Windows authentication using SingleSignOn within J2EE/.net application


Today I am going to write about Windows authentication using SingleSignOn method with-in j2EE and asp.net applications. Hope you will enjoy.

Consider the scenario where you are developing a web application, which can be used with-in an organization (Intranet environment) and also in Would Wide Web (Internet environment). Both the environments, application business logic would be. The only key difference would be, the authentication mechanism used among these two applications.

With in Internet environment, we may end up with displaying login page, where need to get the username and password from user and the same will to be validated in backend. Once authentication successful, we would be invoking application page.
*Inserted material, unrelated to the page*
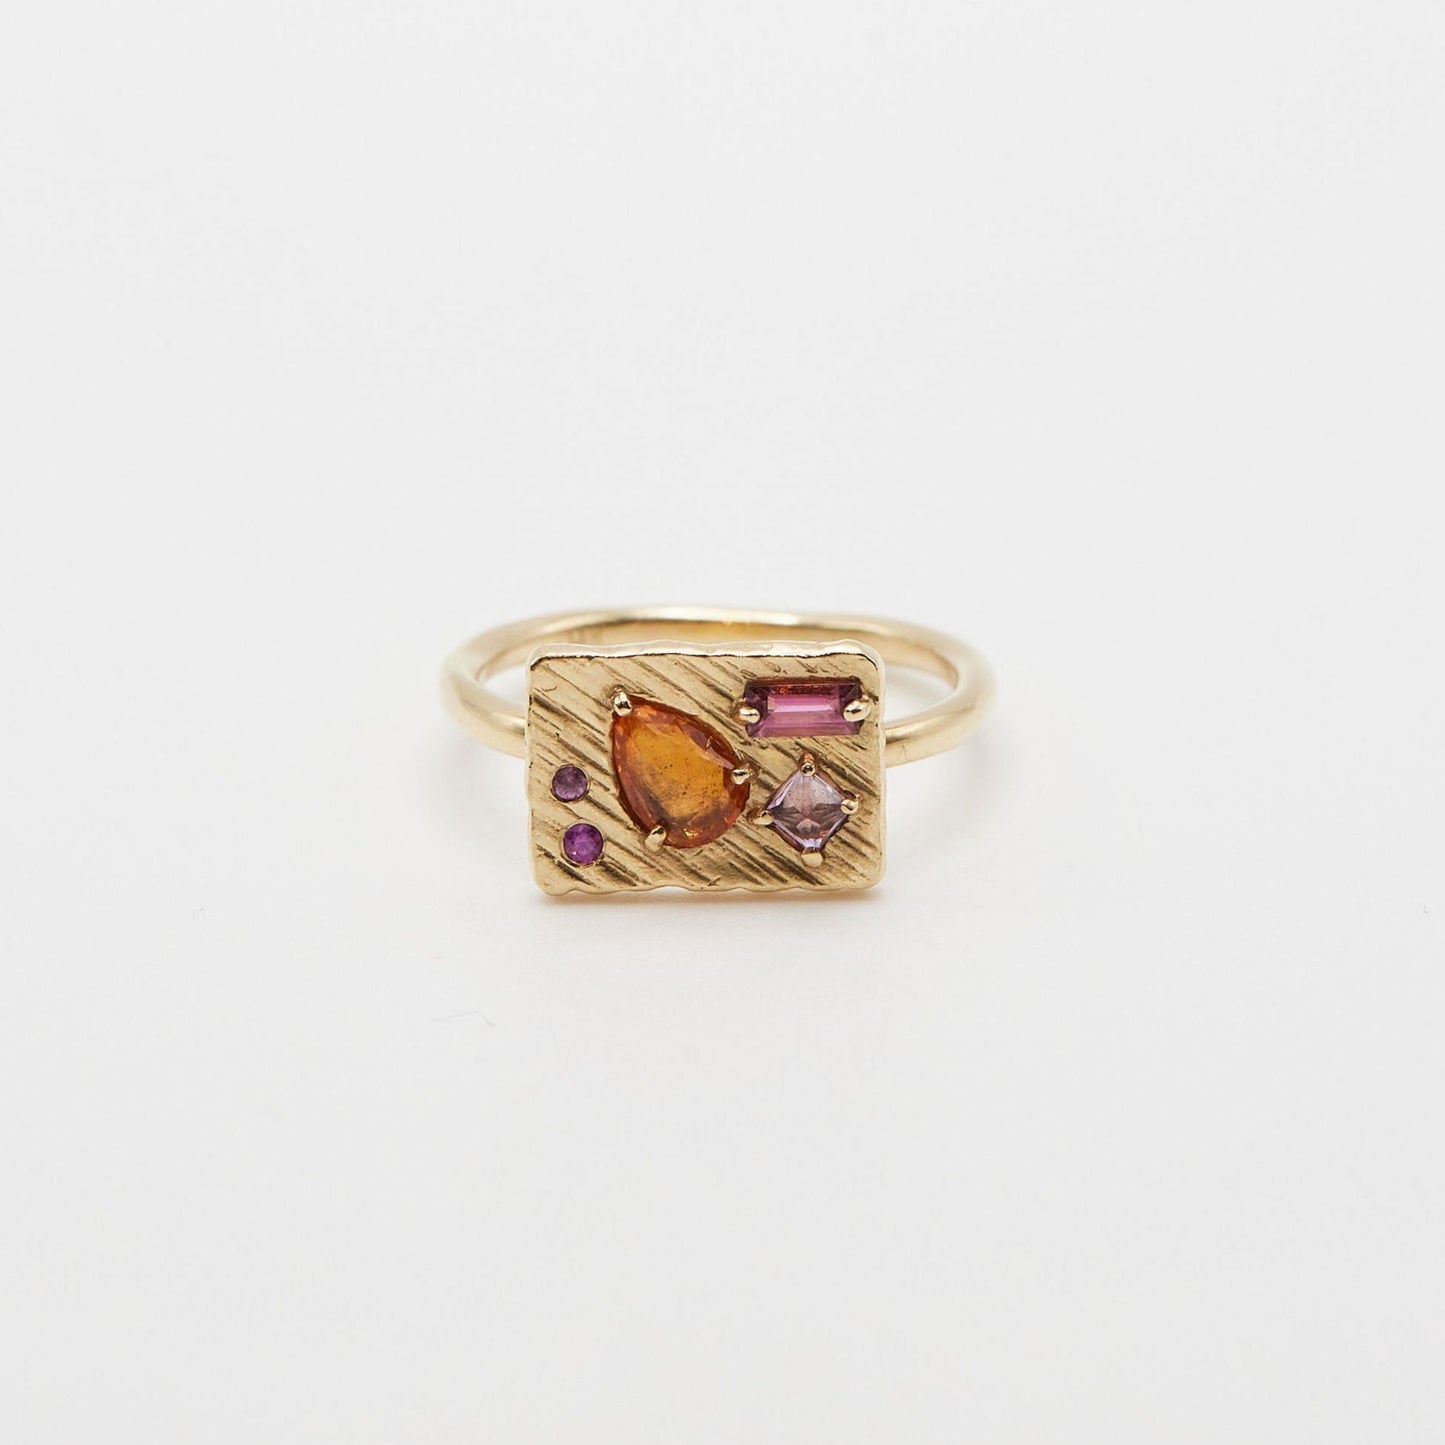 rectangle shaped gold ring with orange pear shaped stone, rectangle pink stone, and three round pink stones on white background

Incase of Intranet environment, we know that the request is coming from trusted domain.  Hence we can go with Windows authentication using SingleSignOn option, to not to prompt username and password to login the application. Here, we can read the login username using windows shell script and set password can be set as some unique text and we can click the login submit button using java script. If request contains the password mentioned in html/jsp, we can consider request is intranet users, So we can consider the request as valid one, BUT we should check the username is correct and has correct privilege to access the application.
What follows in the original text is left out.